You don’t want to eat it, fine don’t eat it, more for me, go and eat your stupid fish sticks!

Pasticceria Cova, Via Montenapoleone 8, Milano

The Colomba that we were given for this Easter is from the historic Milanese bakery Cova.  Cova is an institution in Italy and when I was living in Milan I would go in just to look at all of the amazing panettone they make at Christmas time!

They rigorously follow the original and antique recipes for all of their products.  Rest assured that little has changed in the quality of their products since they opened 197 years ago! In fact their Milanese “Colomba di Pasqua” (Easter Dove Cake) is true to its origins from the 1800s, when it was offered as a gift to Alboino, the King of the Longobards!

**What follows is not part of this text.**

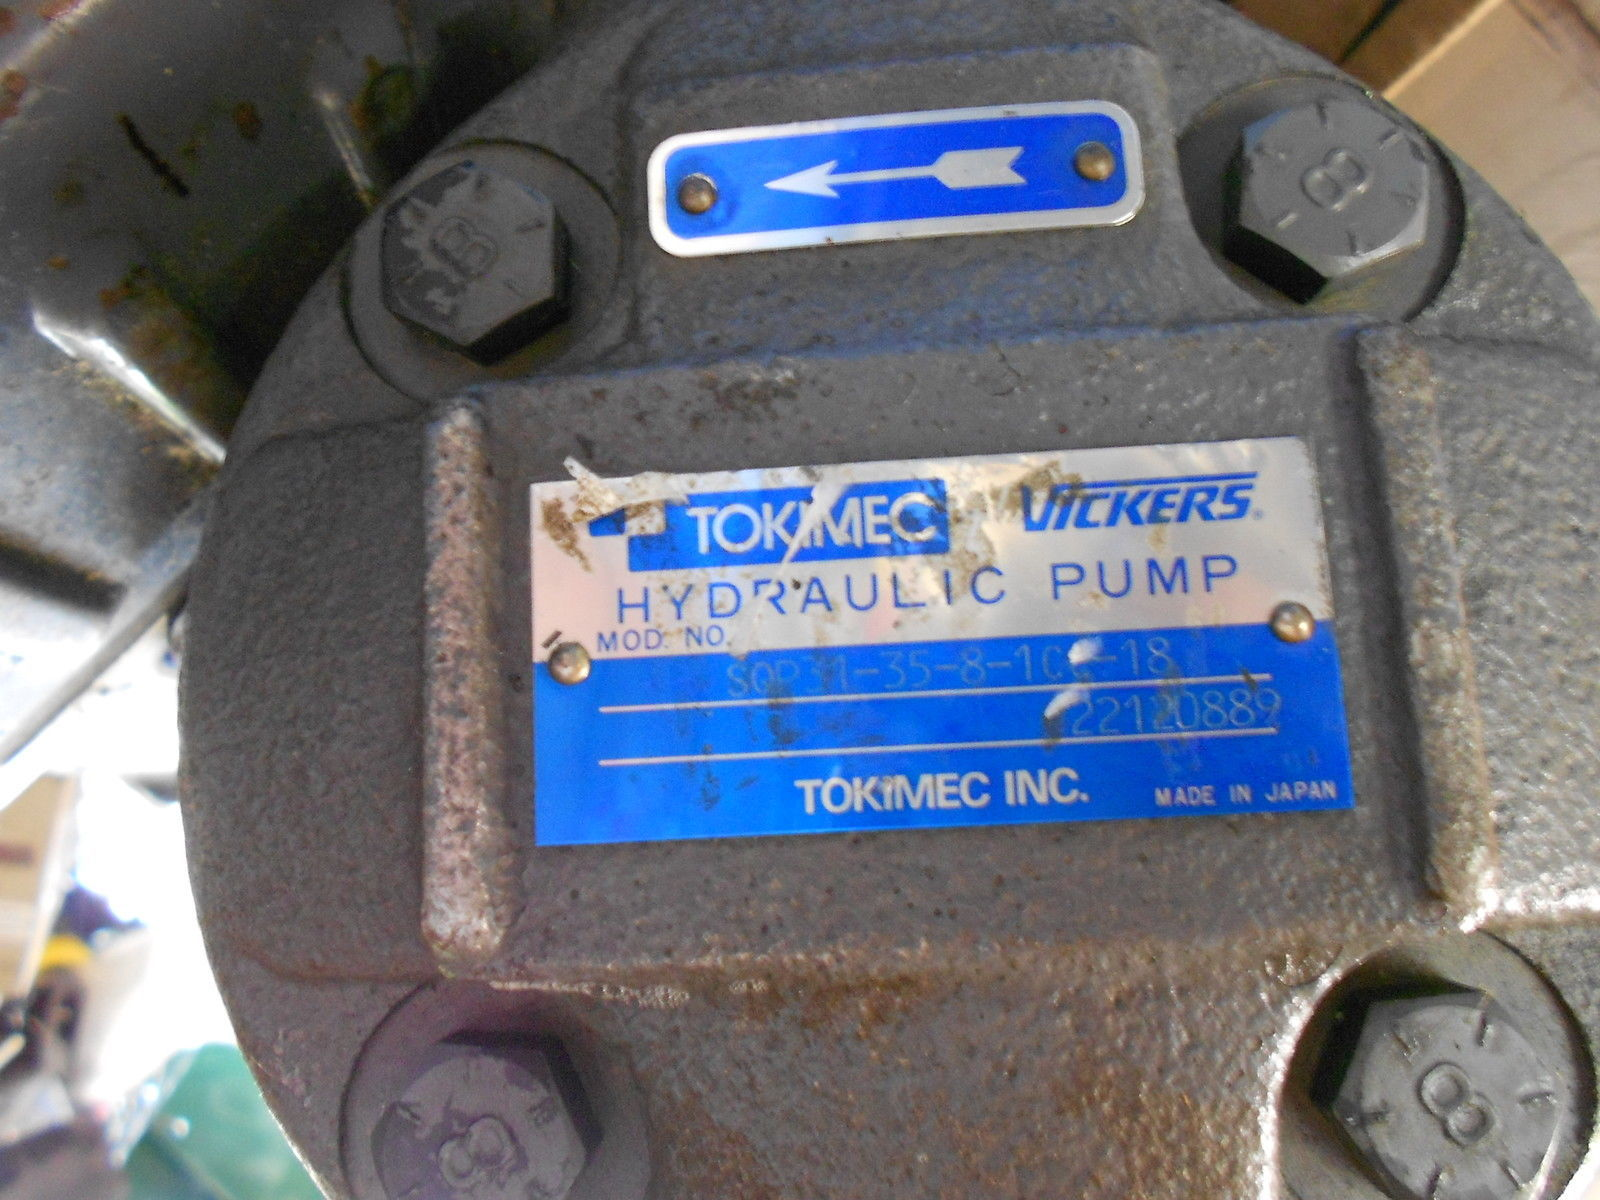 TOKIMEC VICKERS SQP31 33 8 1CC 18 HYDRAULIC PUMP INDUSTRIAL  MANUFACTURING TOOL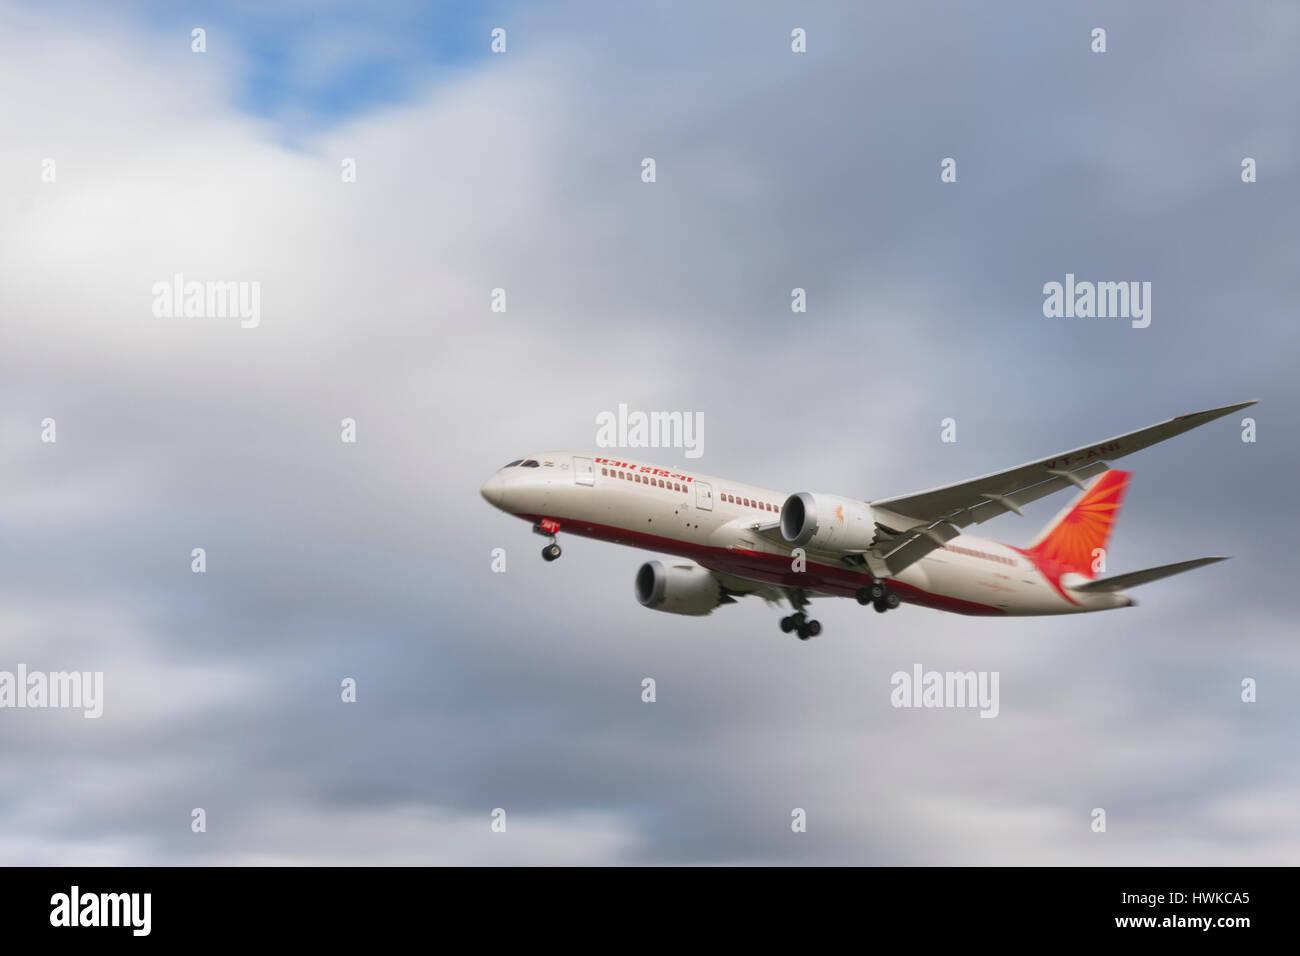 Air India Boeing 787-8 Dreamliner landing at London Heathrow Airport, UK - Stock Image

Cova openend in 1817 beside the famous “La Scala” theater in Milan, becoming a hub for the Milanese aristocracy to meet after attending Operas and theater performances to discuss the show and enjoy pastries of the same calibre.

This week, I’ll be sharing what I wore to the historic Theatre of Modena. YES, I actually took a two-year old to see a theater performance and he was pretty well-behaved.  Not perfect….but good enough!

Hope you all had a lovely Easter and that you ate your grandmothers specialty dishes!! Feel free to tell me all about them!